The averages of these five readings were calculated and multiplied by 10⁴ to obtain the number of cells per mL in the sample that were applied to the hemocytometer. The readings were multiplied by a ratio of trypan blue used in the solution and the dilution factors used in the original sample preparation on the cell suspension. The number of cells was calculated by Eq. 1.

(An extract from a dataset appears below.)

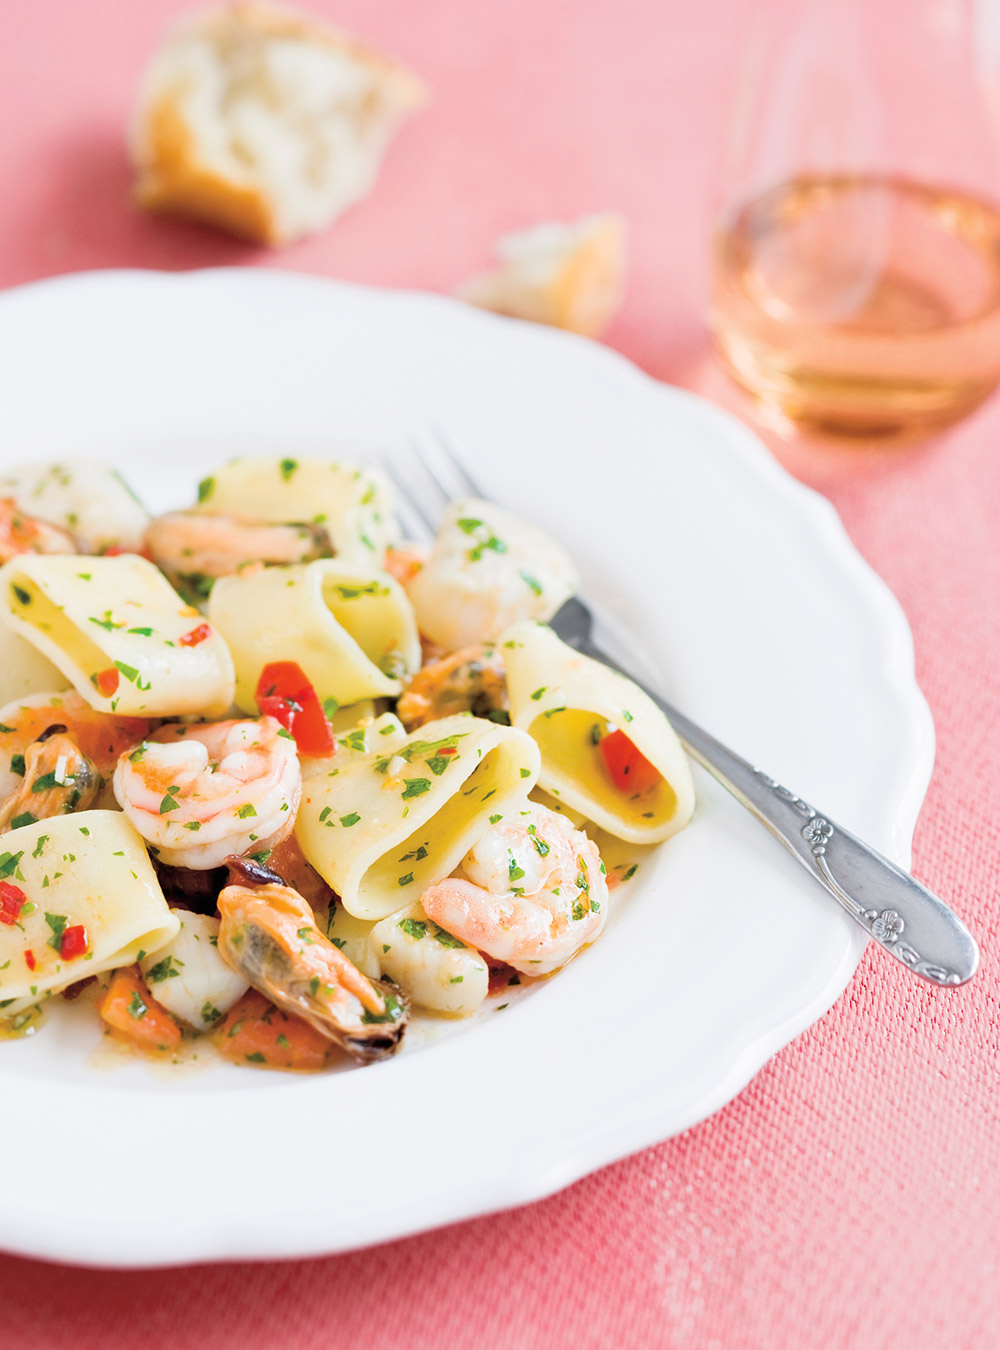 Pâtes italiennes aux fruits de mer (mezzi paccheri ai frutti di mare ...

Cell Morphology Observation

The cell culture was harvested via centrifugation. The samples were fixed in 2.5% glutaraldehyde for 6 h at 4 °C. The samples were centrifuged to remove the liquid form and washed three times with 0.1 M of a sodium cacodylate buffer. It was incubated for 10 min after each washing process. The samples were then post fixed in 1% of an osmium tetraoxide solution for two h at 4 °C and washed with 0.1 M of a sodium cacodylate buffer three times. Again, it was left to sit for 10 min after each washing process. It was then put into a critical dyer with CO₂ at 35 °C (EM CPD030, Leica) for 30 min, mounted onto the stub, and coated with gold. The samples were analyzed with a SEM (S-3400N, Hitachi, Tokyo, Japan). For the TEM (transmission electron microscope) analysis, the specimen were infiltrated with an acetone and resin mixture, placed into a beam capsule, and filled up with resin. It was then polymerized in an oven at 60 °C for 24 h. The specimen was cut and stained with uranyl acetate for 15 min before observation under a TEM (JEM-2100F, JEOL Ltd., Tokyo, Japan).

RESULTS AND DISCUSSION

The Effect of TiO₂ NPs on C. albicans Growth

The study on antifungal activity of TiO₂ (in a form of rutile and anatase) against C. albicans growth was performed by dosing the culture at their log phase of growth (Fig. 2) with 100 ppm of TiO₂. In the absence of TiO₂(indicated as a control in Fig. 2), the culture showed a typical growth curve in which the sample continued to grow at an exponential phase pattern until 48 h, followed by a stationary phase at 48 h to 72 h, and subsequently entered the death phase with a gradual decrease in the viable cell count. The calculated specific growth and death rate for this control culture was 0.0146 h^-1 and 0.0188 h^-1, respectively (Table 1). The culture dosed rutile experienced some reduction in their log phase with until 48 h of incubation time, before entering the death phase. Anatase NPs were the most toxic toward the C. albicans culture as it had the highest death rate of 0.0223 h^-1 when compared to rutile (0.0119 h^-1) NPs. At the end of the incubation time, rutile TiO₂ NPs inhibited 33% of the C. albicans culture as compared to the control, while the anatase TiO₂ caused 65% of the growth inhibition.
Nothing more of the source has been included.